Reproduce it yourself
# 1. Install ArgosBrain (Free tier, no credit card)
curl -fsSL https://argosbrain.com/install | sh
# 2. Clone VS Code at the same commit
git clone https://github.com/microsoft/vscode.git
cd vscode
git checkout 1fa1b7af5c190606cdd5e8fe5e5f1ca4fad47e00
# 3. Initialise ArgosBrain on this project
argosbrain init
# 4. From your Cursor / Claude Code chat, run:
/argos-security-reviewer
# Expected: the 0/156/180+ severity buckets, ±2% small variance.
# Wall-clock 8-12 s on M-series laptops. Cost ~$0.30 in tokens.
What this scan does and does not measure
The structural reachability pass measures call-graph paths from sources (HTTP handler input, CLI argv, file content, env vars) to sinks (the dangerous patterns enumerated in the corpus section). It does not measure:
- Field-level taint flow. A reachable call graph does not prove tainted data flows along it — a sanitiser on the path may neutralise the risk. Pair with Semgrep Pro or CodeQL for that.
- Dynamic dispatch / reflection. Code paths that
resolve at runtime (DI containers,
eval-constructed callables, monkey-patched modules) are invisible to the static call graph. - Cross-process trust boundaries. VS Code's renderer / extension host / main process split is a real authorisation boundary; the scan treats it as one graph.
- Confirmed exploits. Every "high" in this report is a candidate.

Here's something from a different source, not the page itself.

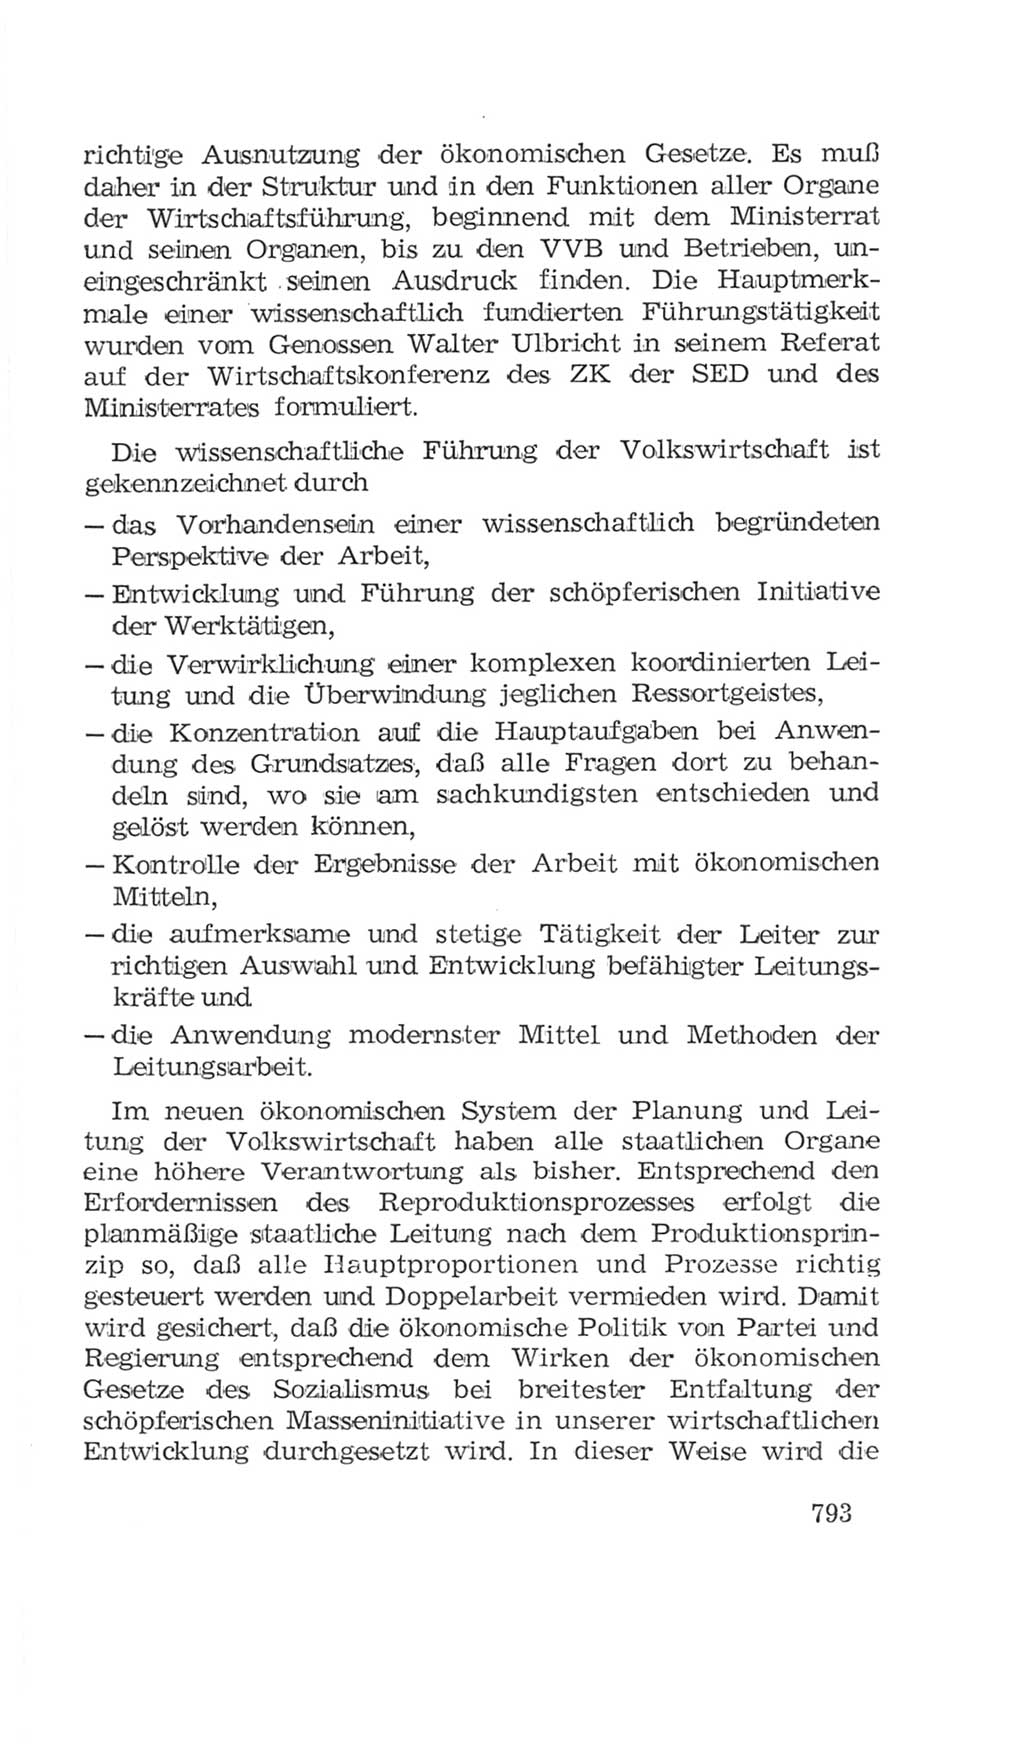 Volkskammer (VK) der Deutschen Demokratischen Republik (DDR), 4. Wahlperiode 1963-1967, Seite 793 (VK. DDR 4. WP. 1963-1967, S. 793)

The value is the speed of narrowing the candidates, not declaring real CVEs.
Try it
One command, sixty seconds:
curl -fsSL https://argosbrain.com/install | sh
Free tier ships with every retrieval feature, every sink scanner, and every skill in the catalogue — for one active project at a time, no node cap. Upgrade to Pro ($19/month) for unlimited active projects. Pricing on the homepage.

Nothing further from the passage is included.